Record extracts =
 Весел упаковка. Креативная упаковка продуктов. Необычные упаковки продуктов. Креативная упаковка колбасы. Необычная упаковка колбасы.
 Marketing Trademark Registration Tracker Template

* * *

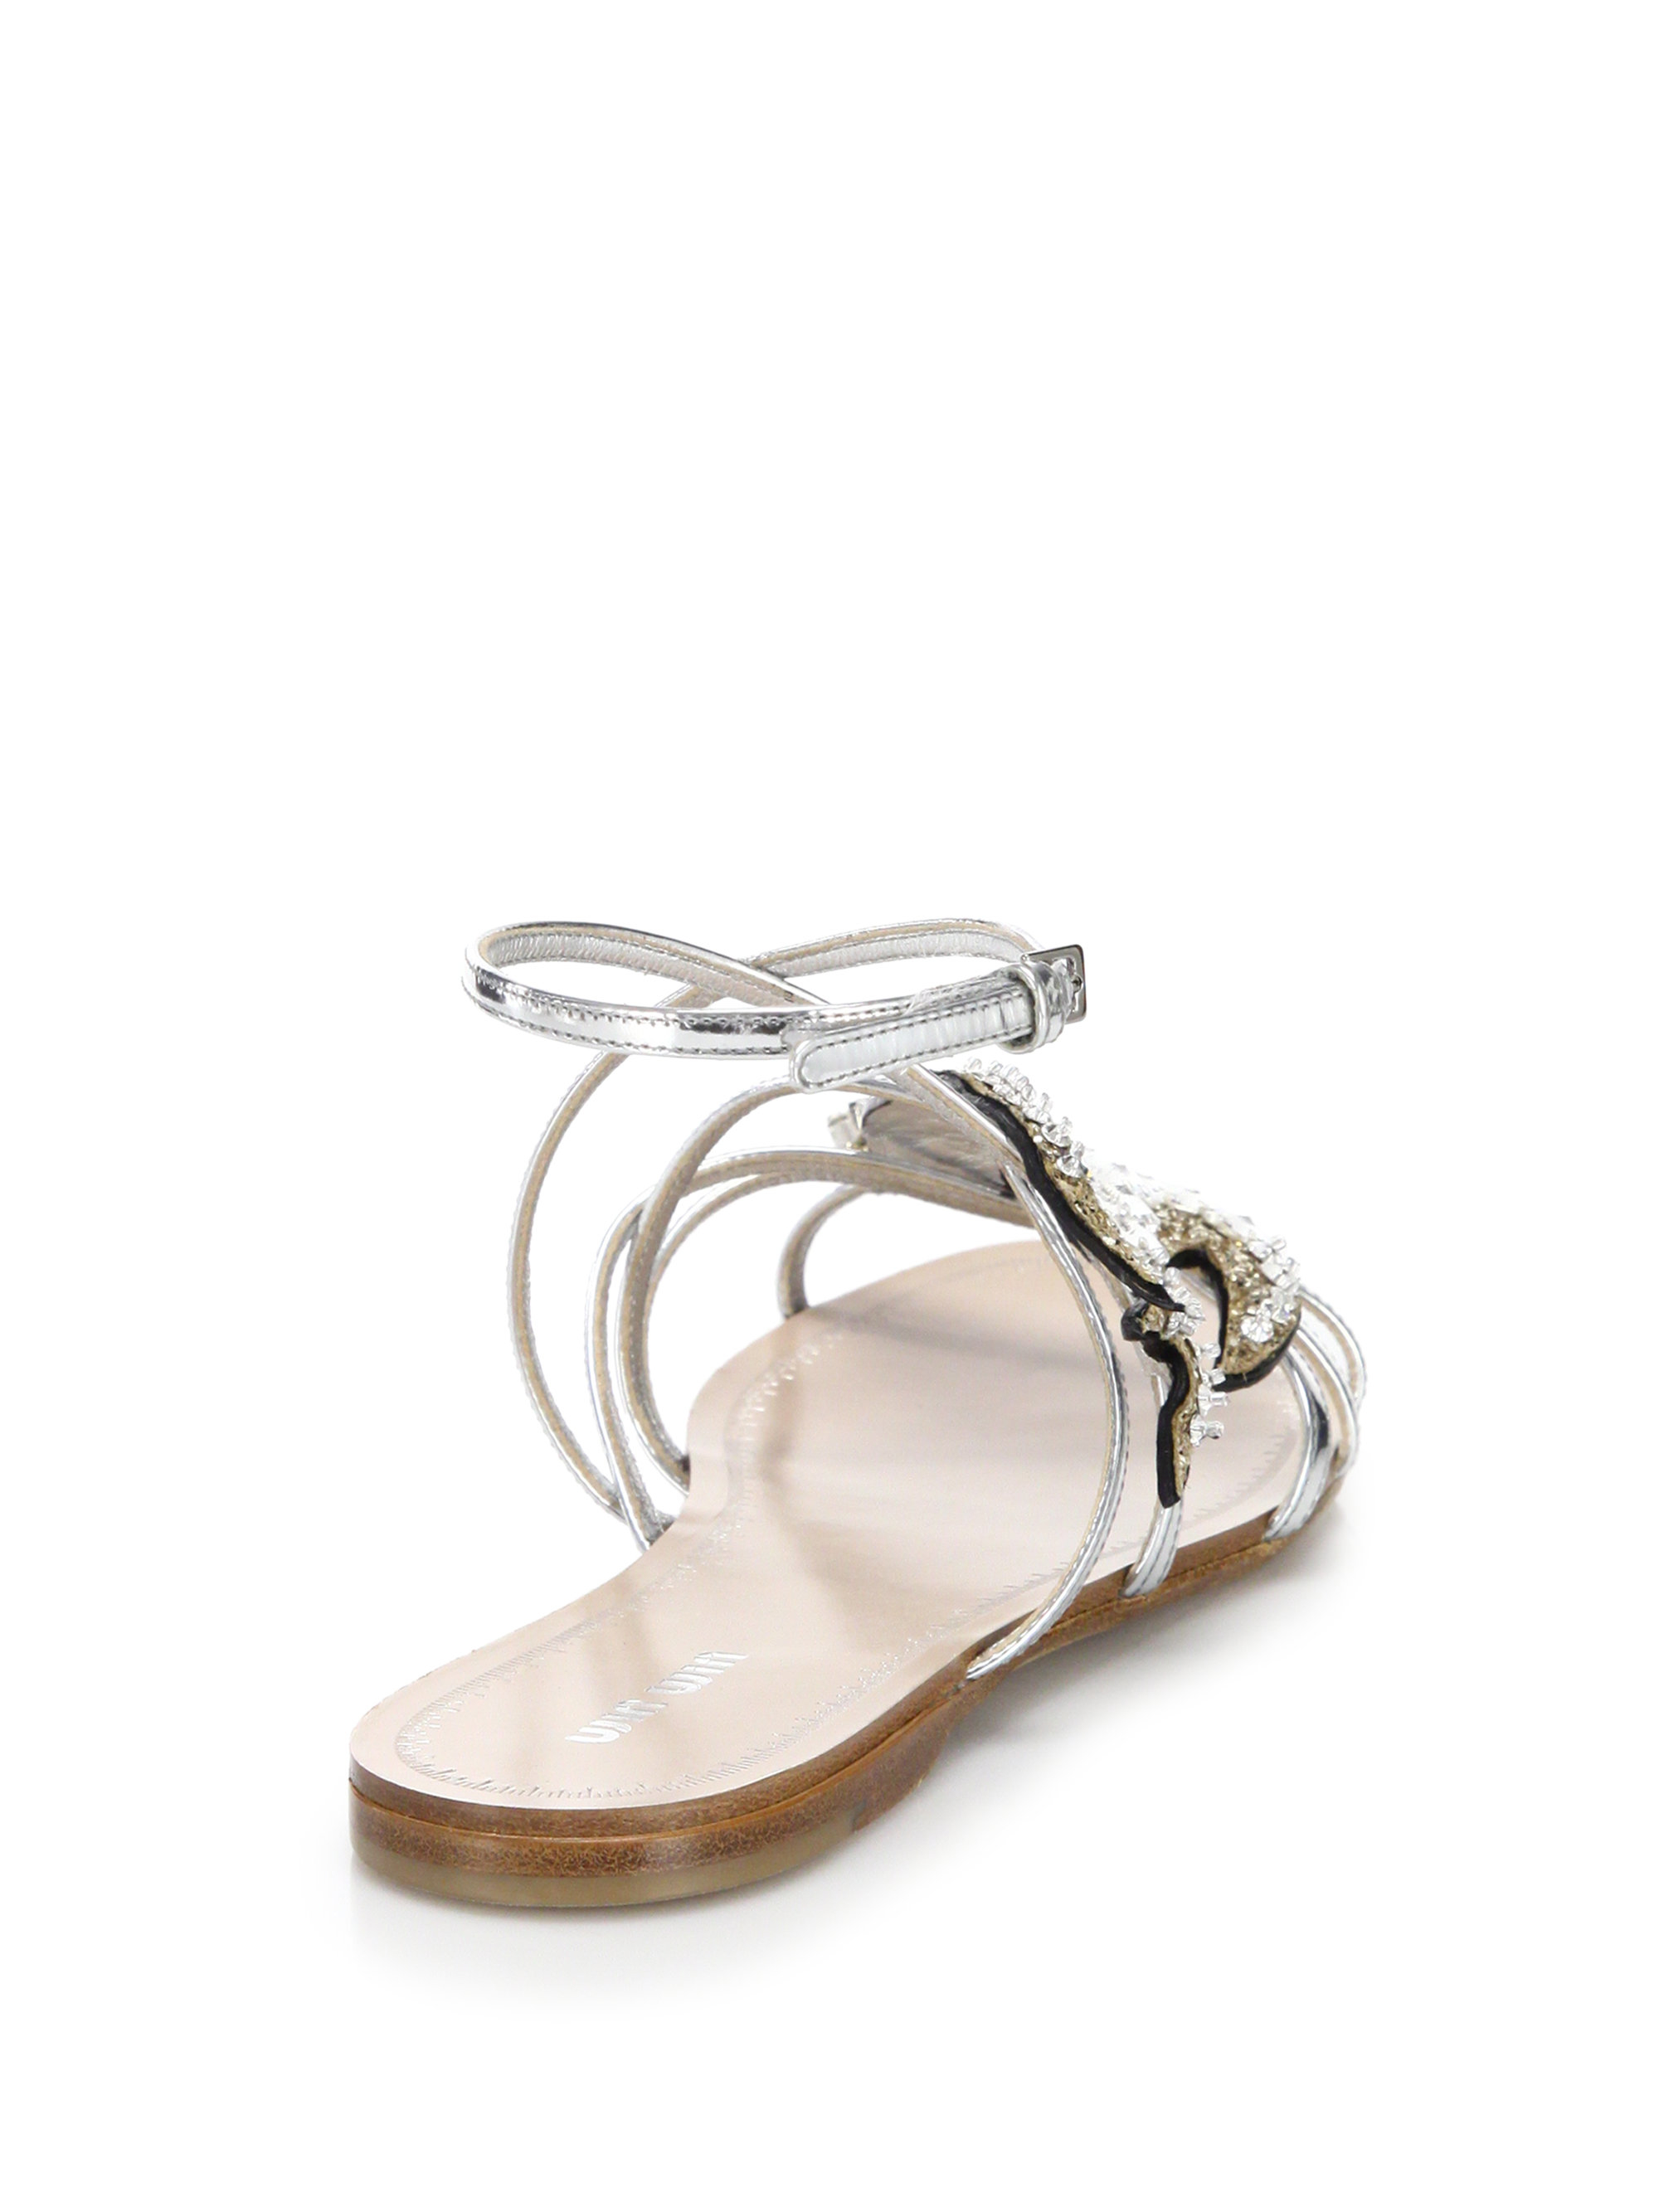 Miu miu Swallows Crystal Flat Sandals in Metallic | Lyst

--

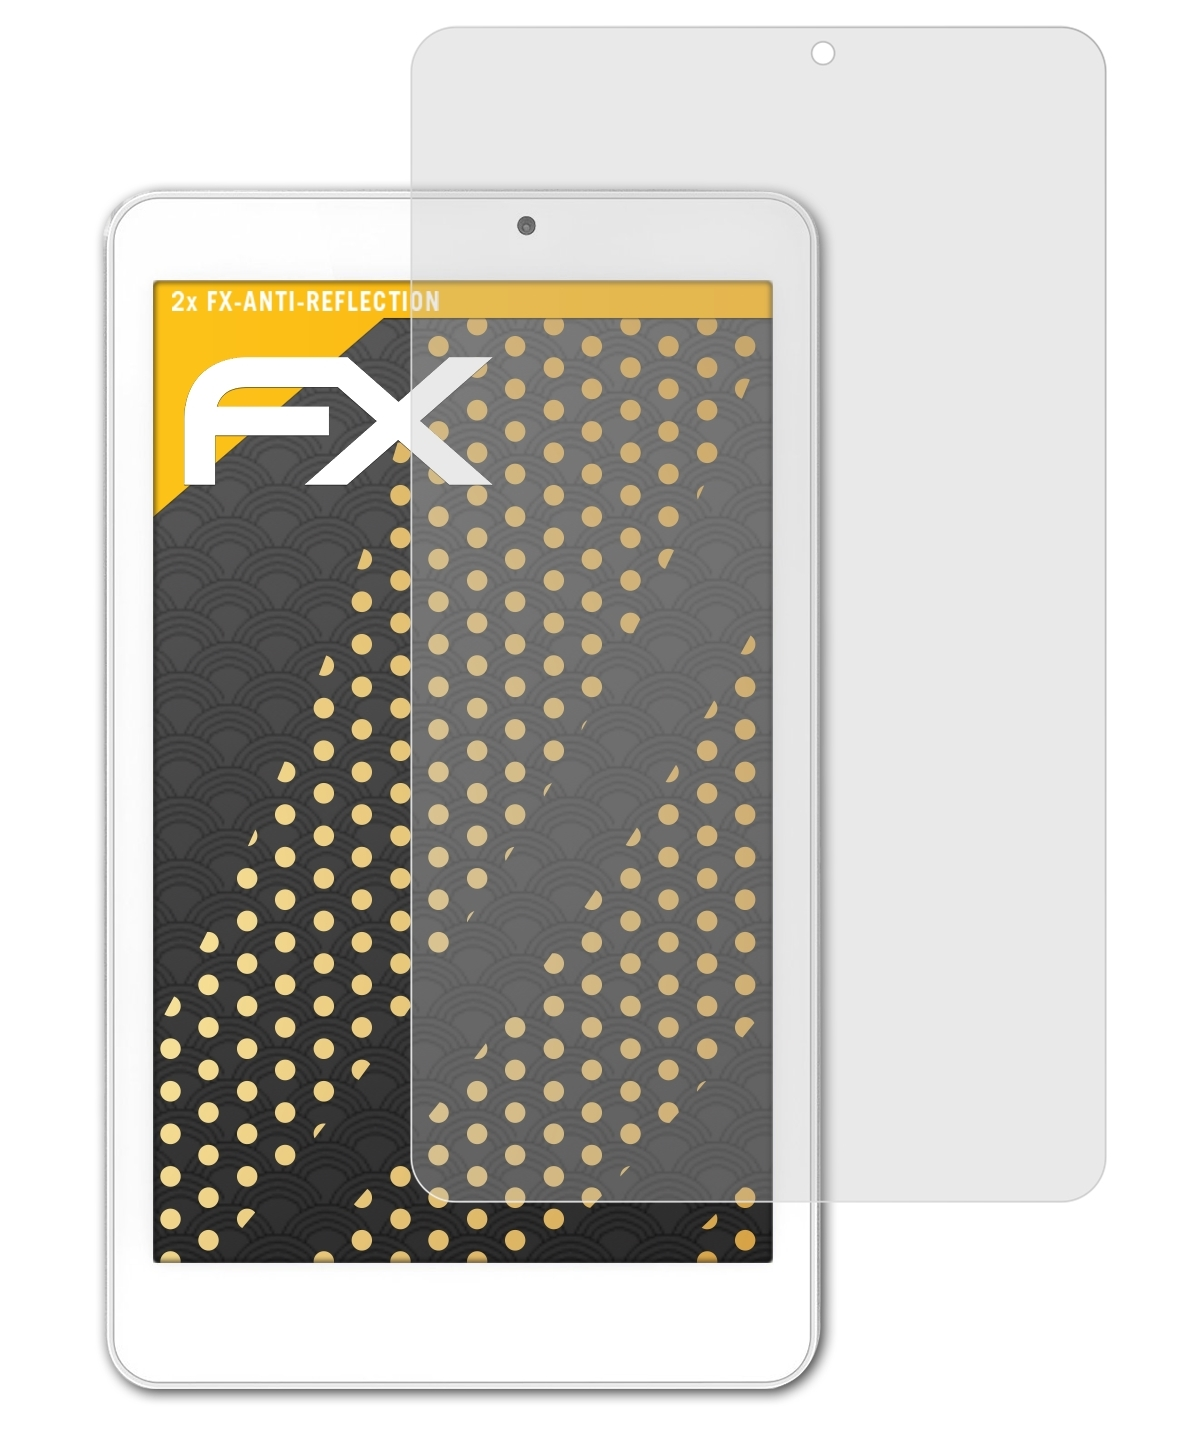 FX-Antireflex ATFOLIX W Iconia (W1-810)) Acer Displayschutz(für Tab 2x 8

Work task =
Only the lines above from the line with "Весел упаковка. Креативная" to the line with "Marketing Trademark Registration", those two lines included, should be reproduced exactly.

Written solution =
 Весел упаковка. Креативная упаковка продуктов. Необычные упаковки продуктов. Креативная упаковка колбасы. Необычная упаковка колбасы.
 Marketing Trademark Registration Tracker Template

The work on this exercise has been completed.